Originally Posted by
Bush65
It seems to me that bee utey is confusing detonation (also called pre-ignition) and diesel knock.
Detonation/pre-ignition can occur in a petrol engine because the fuel enters the cylinder mixed with the intake air. Given fuel with too low an octane rating for the compression ratio and/or a hot spot, such as carbon build up will lead to detonation/pre-ignition before the spark plug fires.
A diesel engine doesn't suffer detonation/pre-ignition because there is no fuel in the intake air during the compression stroke, until the injector opens at the correct timing advance.
There is a delay (called ignition delay) from when the injector opens to when ignition occurs. The diesel fuel is injected into turbulent air in the combustion chamber. It has to undergo a chemical change before it can ignite - heat is required for the chemical change.

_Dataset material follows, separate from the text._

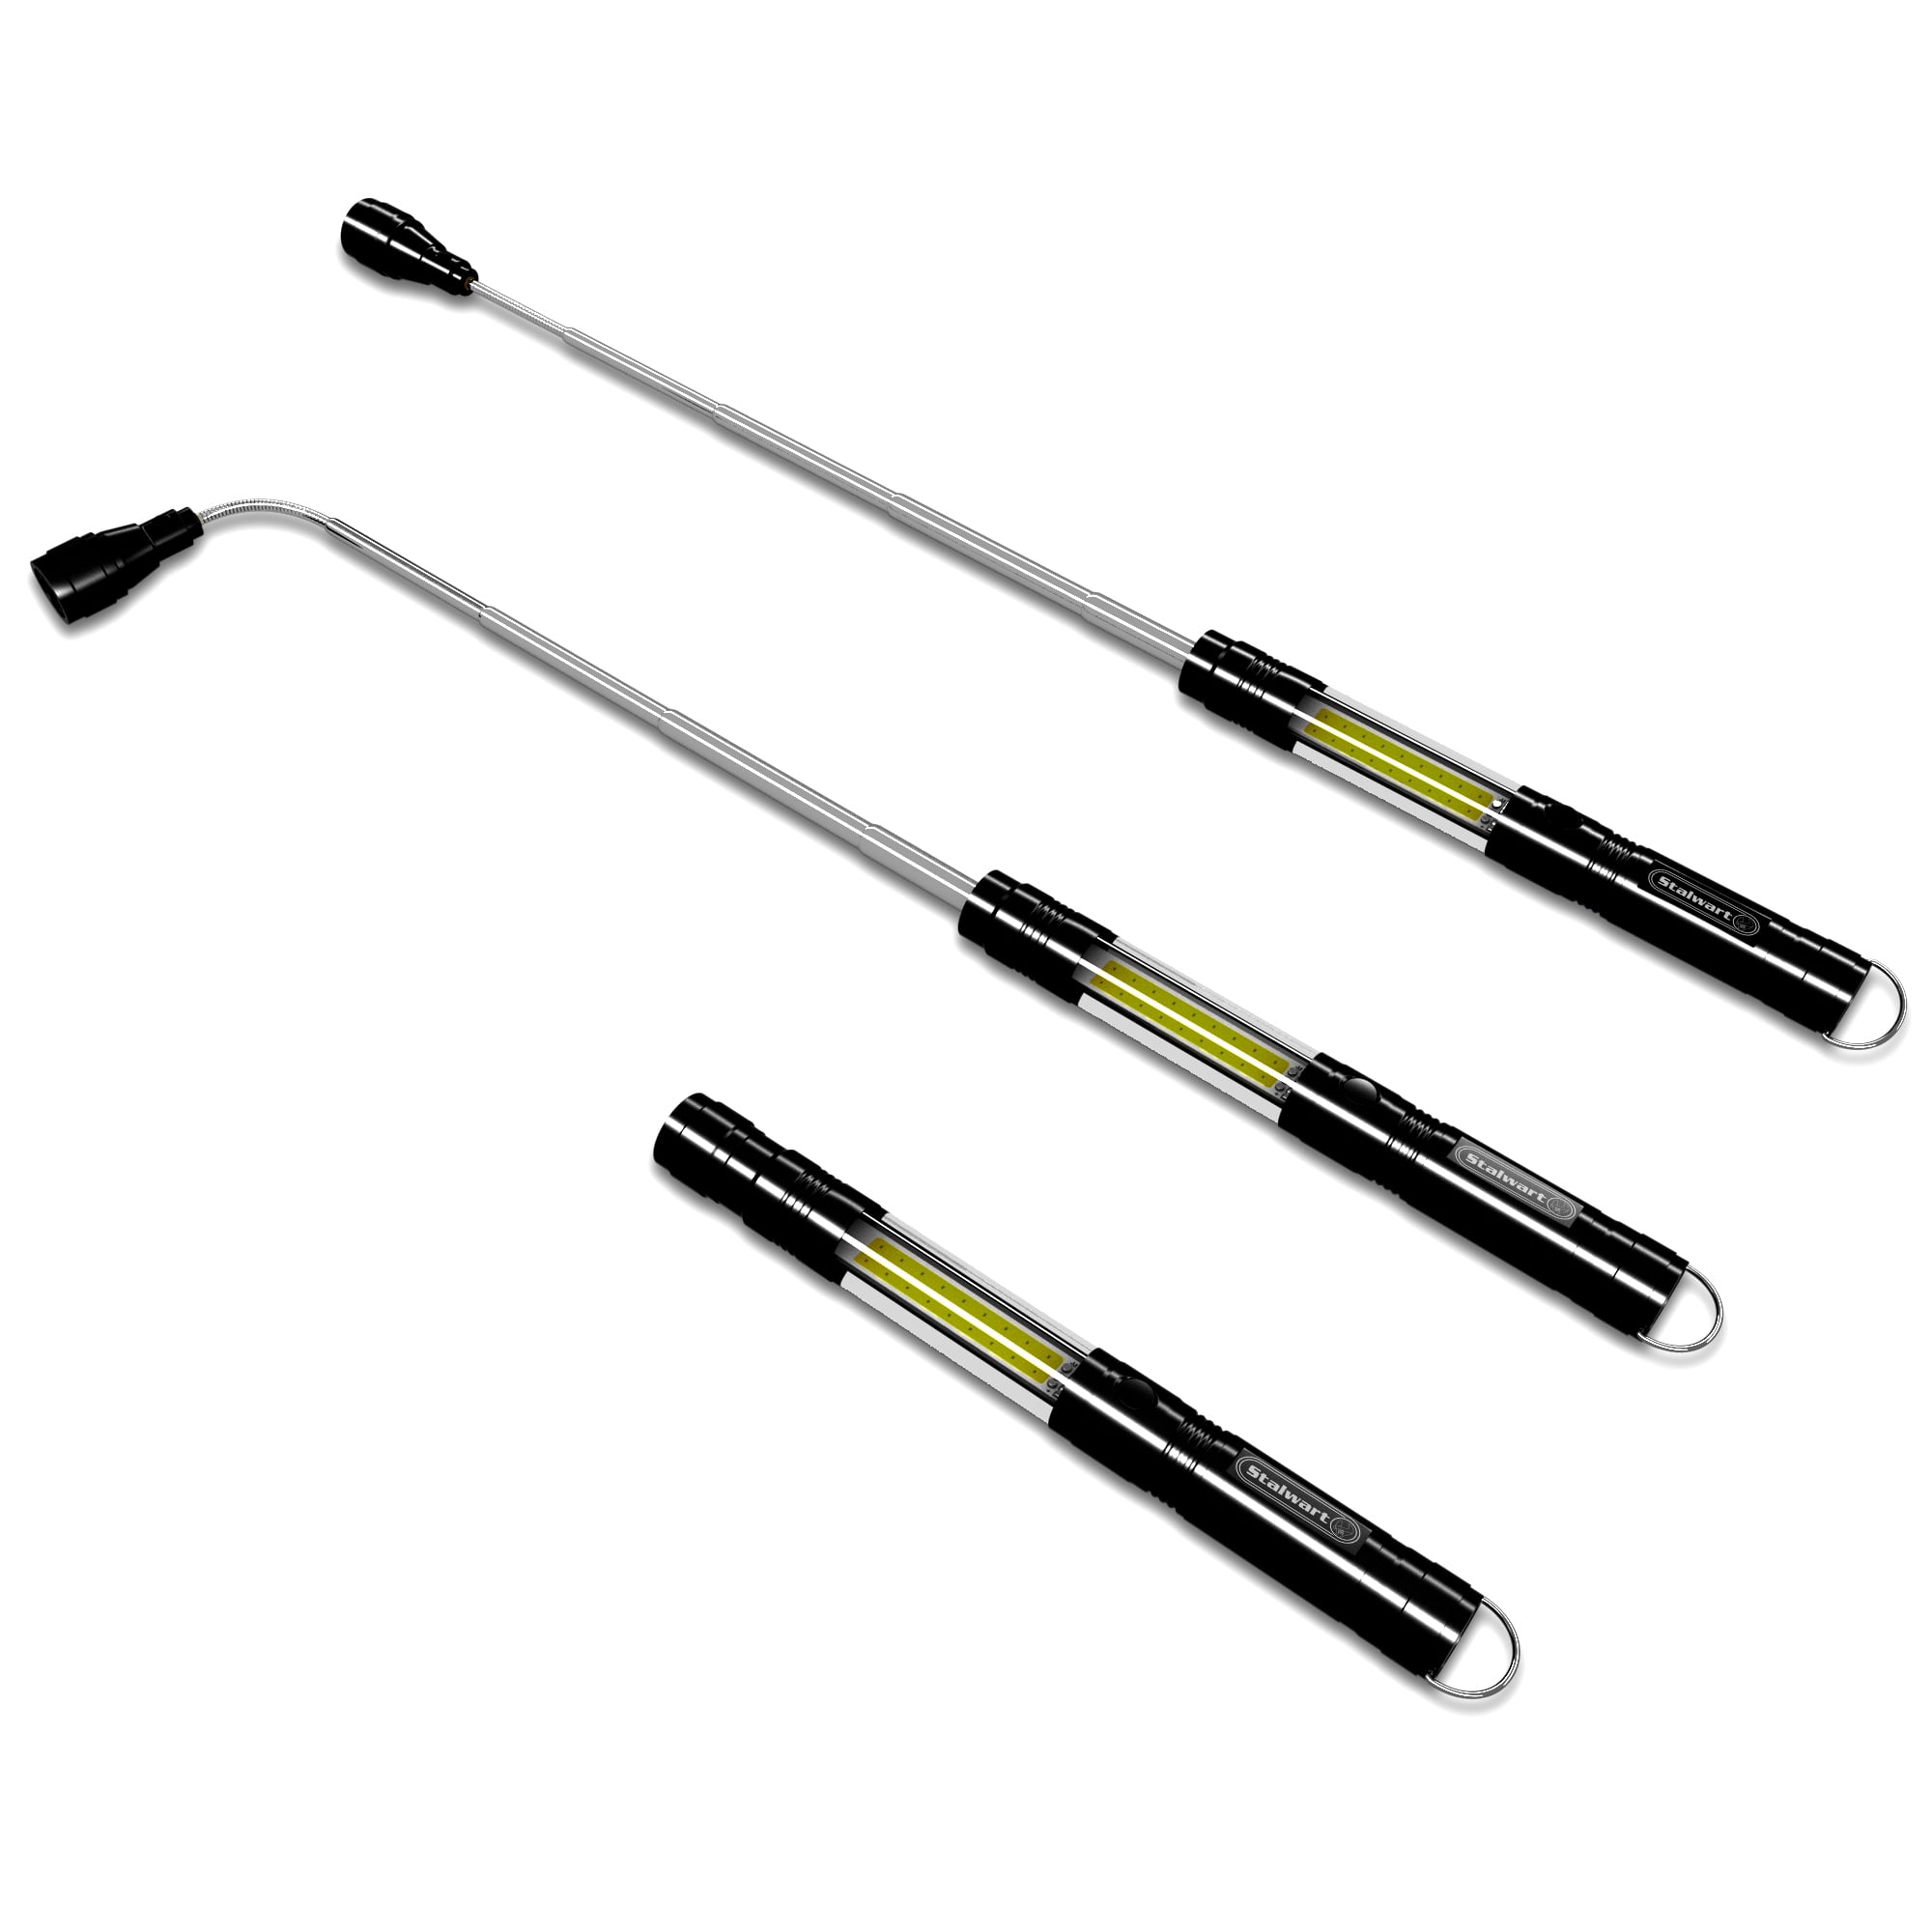 NEW PICK-UP TELESCOPIC MAGNET WITH LED TORCH LIGHT 8 LB LONG MAGNETIC EXTEND ROD

When ignition occurs, the temperature in the combustion chamber rises rapidly, which speeds up the chemical change of further diesel fuel being injected.
During the ignition delay period, diesel fuel was still being injected, so there is a lot of fuel mixed with the air when ignition occurs. This leads to combustion of a large amount of fuel almost immediately, resulting in a rapid pressure rise that we know as diesel knock.
Later diesel engines address this issue by having 2 stage injectors (e.g. 300Tdi), or more recently electronic controlled, common rail injection systems have multi injection events per combustion. By these means they reduce the amount of diesel that is injected during the ignition delay period, and inject the bulk of the fuel when the temperature has risen in the combustion so the diesel knock is reduced.
It has been found that the majority of NOx is produced early in the combustion process, so the 2 stage/multi event injection reduces NOx emission.
It should also be noted that combustion only occurs in regions of the combustion chamber where there is fuel and oxygen containing air mixed at the correct stoichiometric ratio.
Not all regions will contain enough oxygen as it is being used and CO2, NOx, etc. produced. The fuel spray from the injector will not burn like a blow torch for this reason - when diesel is mixed with inert gasses like CO2 it can't burn. This is why a diesel must have an excess amount of air for complete combustion to occur - it needs oxygen.